It 7. according to step, is first the 2nd layer of unbound set N as shown in Fig. 2 (d)2Node i binding father's section in={ i, j }
Point, binding method are as follows: there are two father node c and d for node i, this two father node is not in M1In, father node c and d and node i
Between interference load measure coefficient be respectively ILMci=3.5 and ILMdi=2.4, because of ILMdi< ILMci, so selection father's section
Point d links father node d and node i as relay node, obtains the interference load updated value of node d based on formula (5-3)The interference load measure coefficient updated value between father node d and node j is obtained according to formula (5-2)Assuming that
After updateAs a result as shown in Fig. 2 (e).

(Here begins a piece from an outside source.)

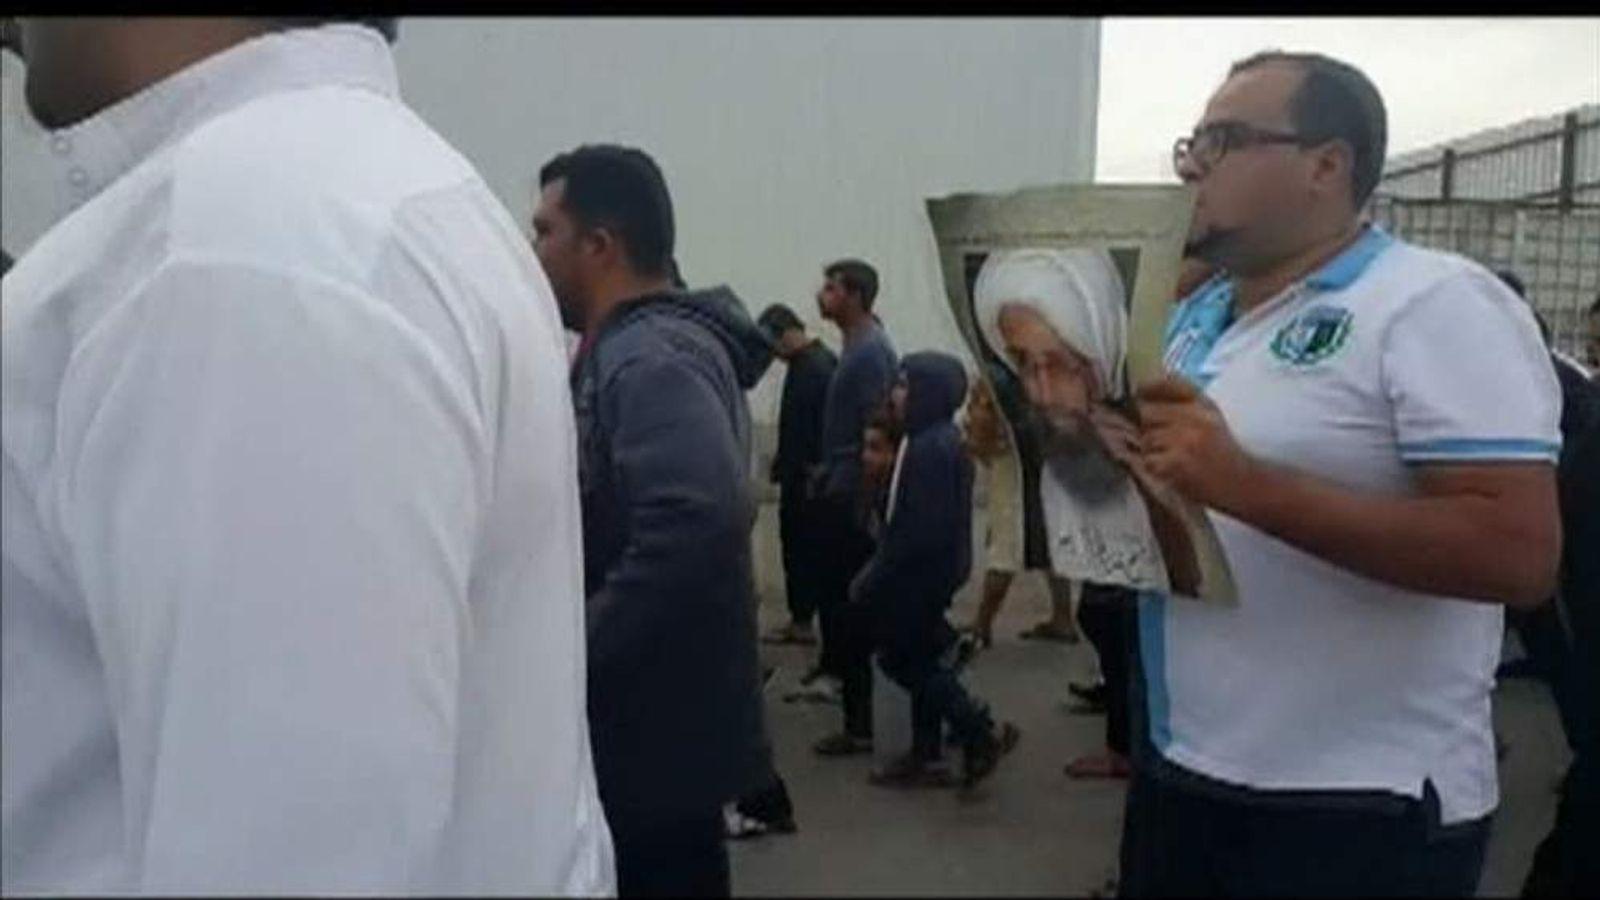 Protest in eastern Saudi against execution of Shia cleric Nimr al Nimr

8. judgment step 7. in father node as relay nodeWhether in cl layers of set Mcl-1In, if it is,
By father nodeChild node from cl layers of unbound set NclMiddle removal;Otherwise by father nodeIt is added to set Mcl-1
In, and by father nodeChild nodeFrom cl layers of unbound set NclMiddle removal.
8. according to step, because of the 1st layer of set M1={ b, e }, father node d be not in the 1st layer of set M1In, so by node d
It is added to the 1st layer of set M1In, by the child node i of node d from the 2nd layer of unbound set N2Middle removal, updated 1st layer of collection
It closes and the 2nd layer of unbound set is respectively M1={ b, e, d } and N2={ j }.
9. judging cl layers of unbound set NclWhether it is empty, is cl and cl-1 by grade, but not at cl layers if it is empty
Set MclWith cl-1 layers of set Mcl-1In node deleted from Mesh tree, go to step (3);Otherwise repeat step 7.~step
Suddenly 8..
9. according to step, as shown in Fig. 2 (e), because of N2={ j } is not sky, thus repeat step 7.~step 8., be
Node j binds father node, binding method such as step 7.: node j is there are three father node c, d and e, since node d and e is at the 1st layer
Set M1In, in order to reduce number of links, node j selected from node d and e one as relay node, father node d and e and section
Interference load measure coefficient between point j is respectivelyWithBecauseSo choosing
Father node e is selected as relay node, hinged node j and node e, the interference load updated value of node e is obtained based on formula (5-3)As a result as shown in Fig. 2 (f).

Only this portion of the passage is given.